Exercise requirements: Write out the full listing exactly as given, minus the images.

Dataset excerpt:
== Segment start ==
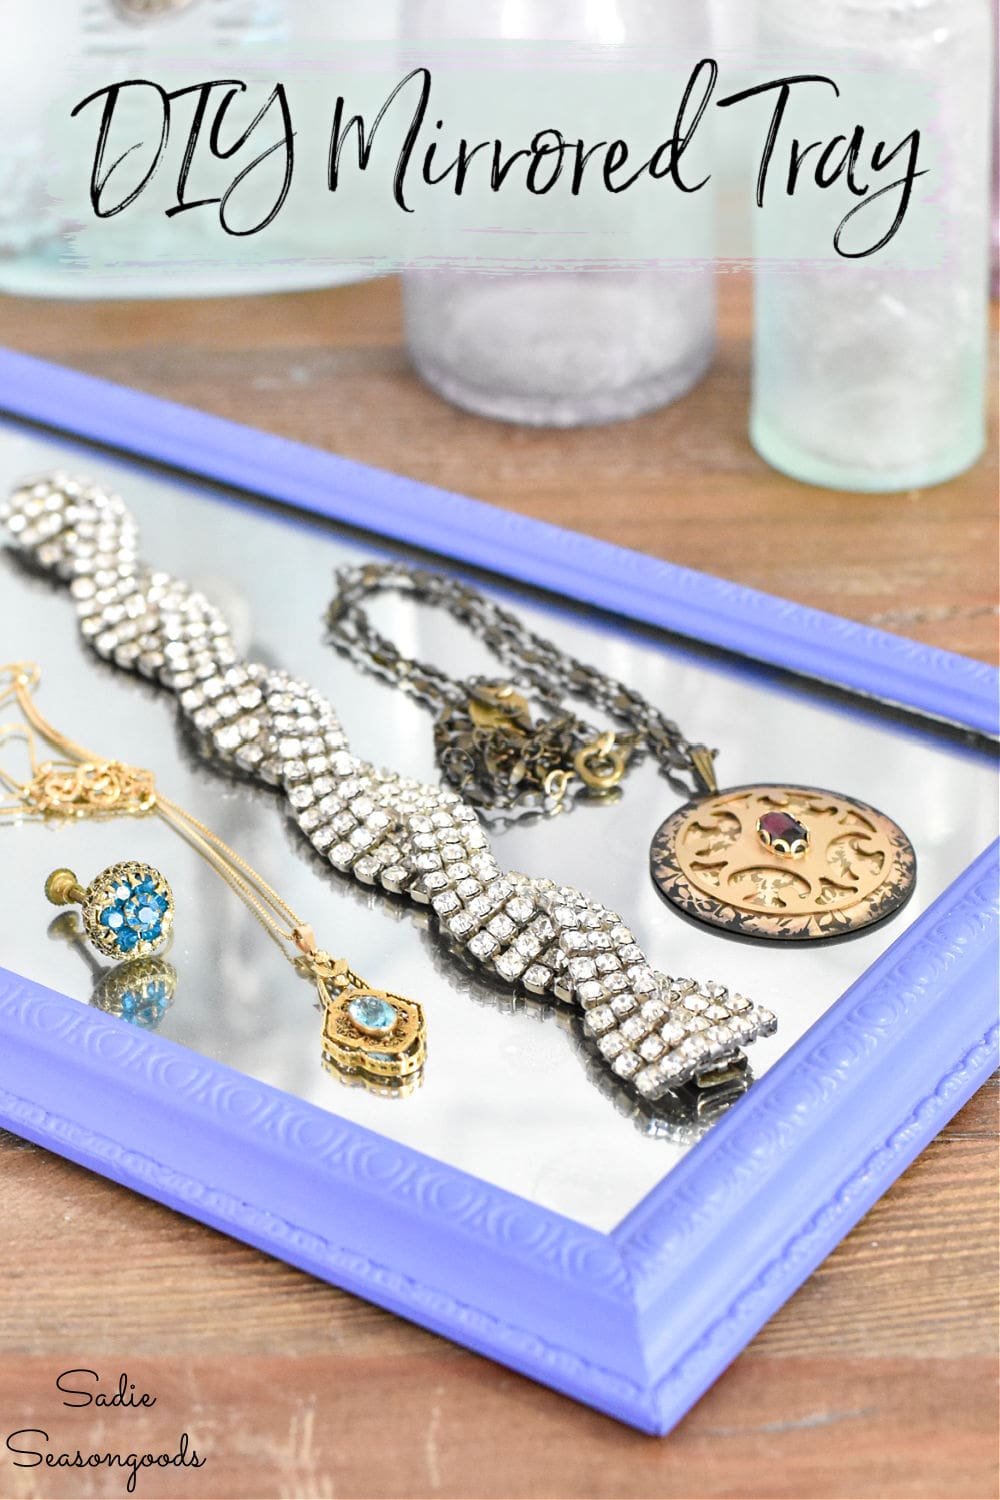 mirrored tray for jewelry
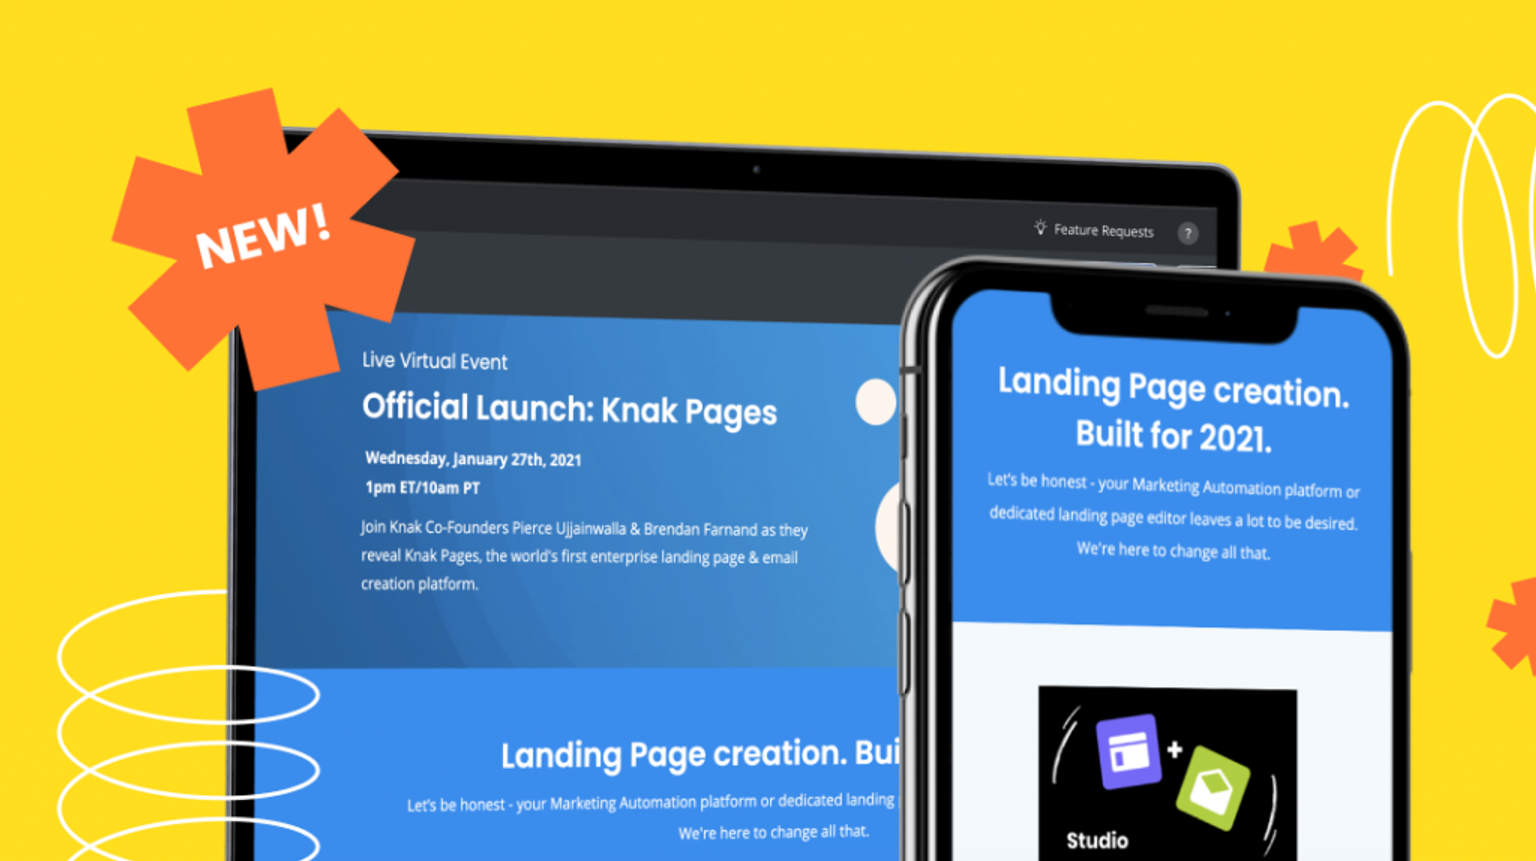 Introducing Knak Pages
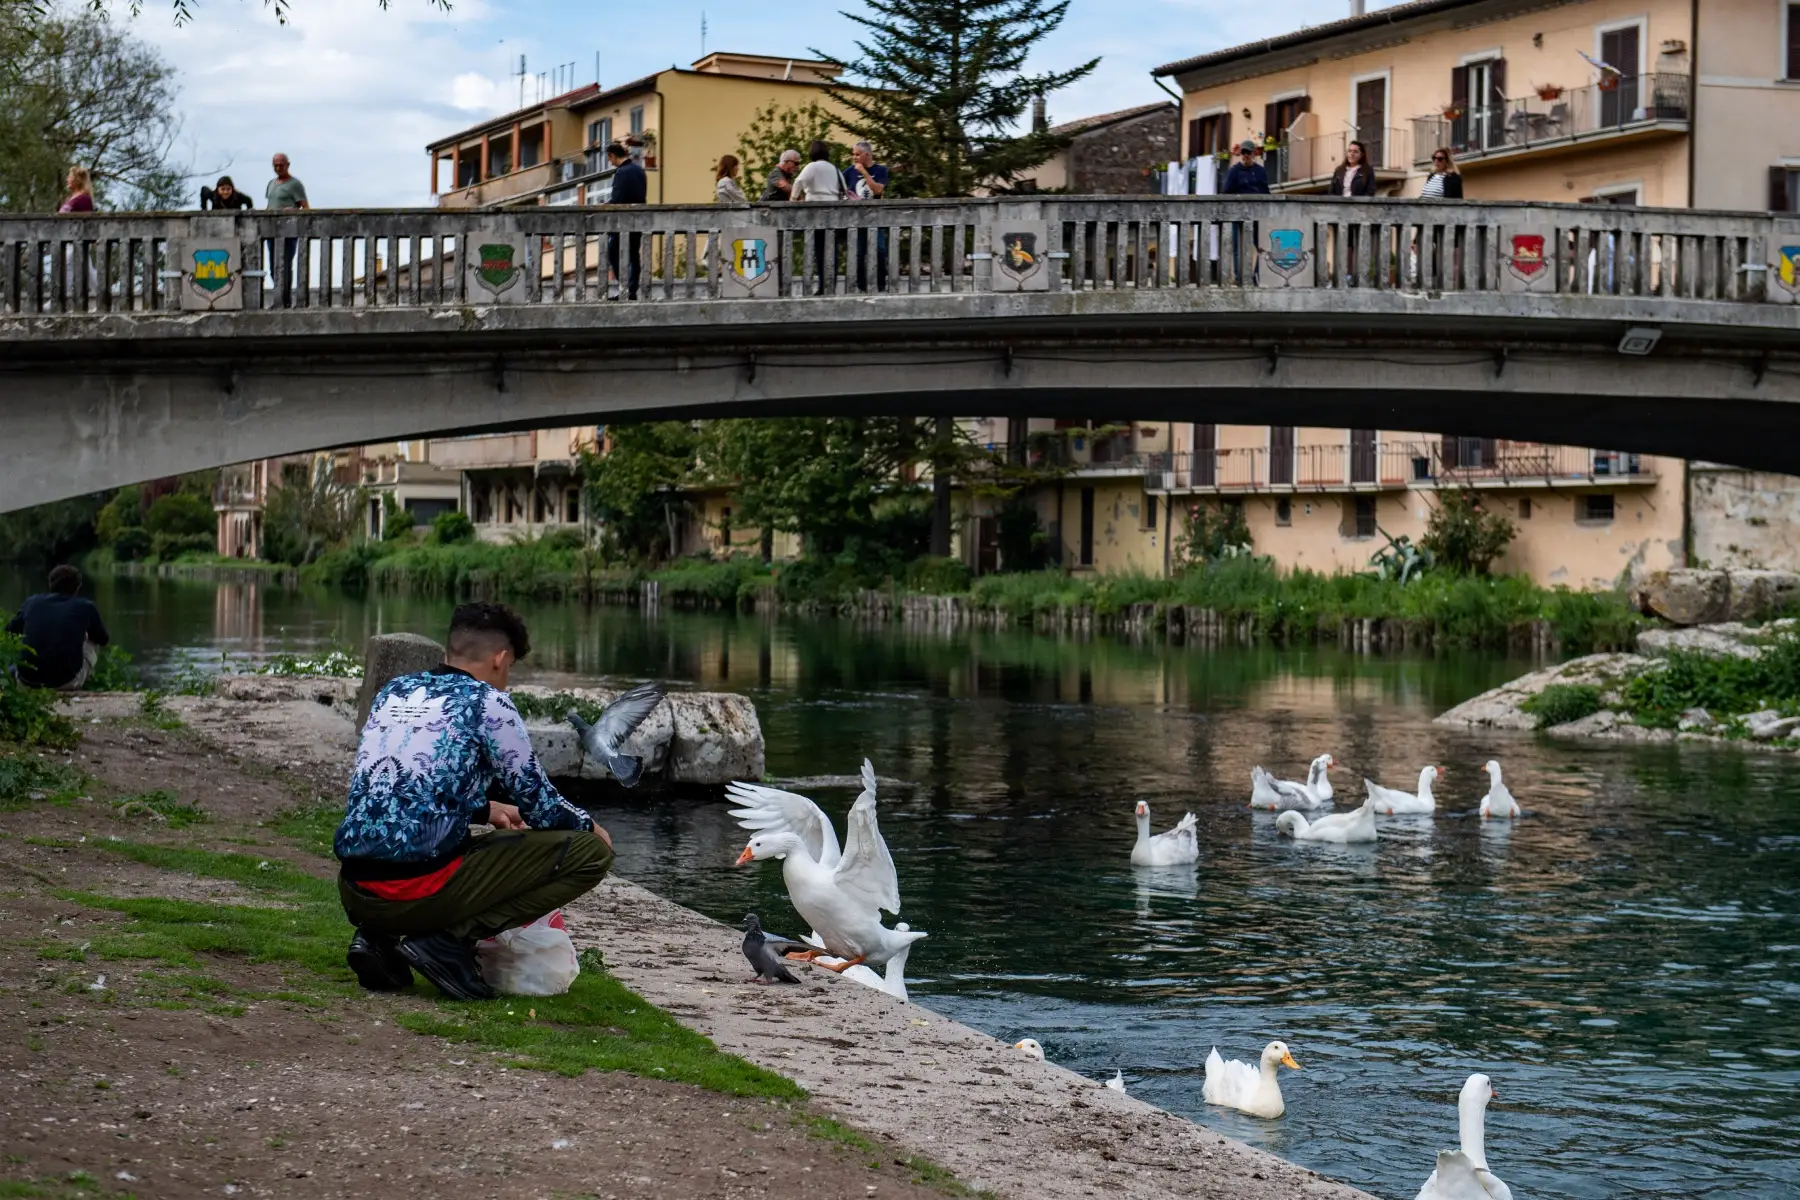 Young man feeding ducks while people cross bridge in background in Rieti, Italy
== Segment end ==
Your solution:
 mirrored tray for jewelry
 Introducing Knak Pages
 Young man feeding ducks while people cross bridge in background in Rieti, Italy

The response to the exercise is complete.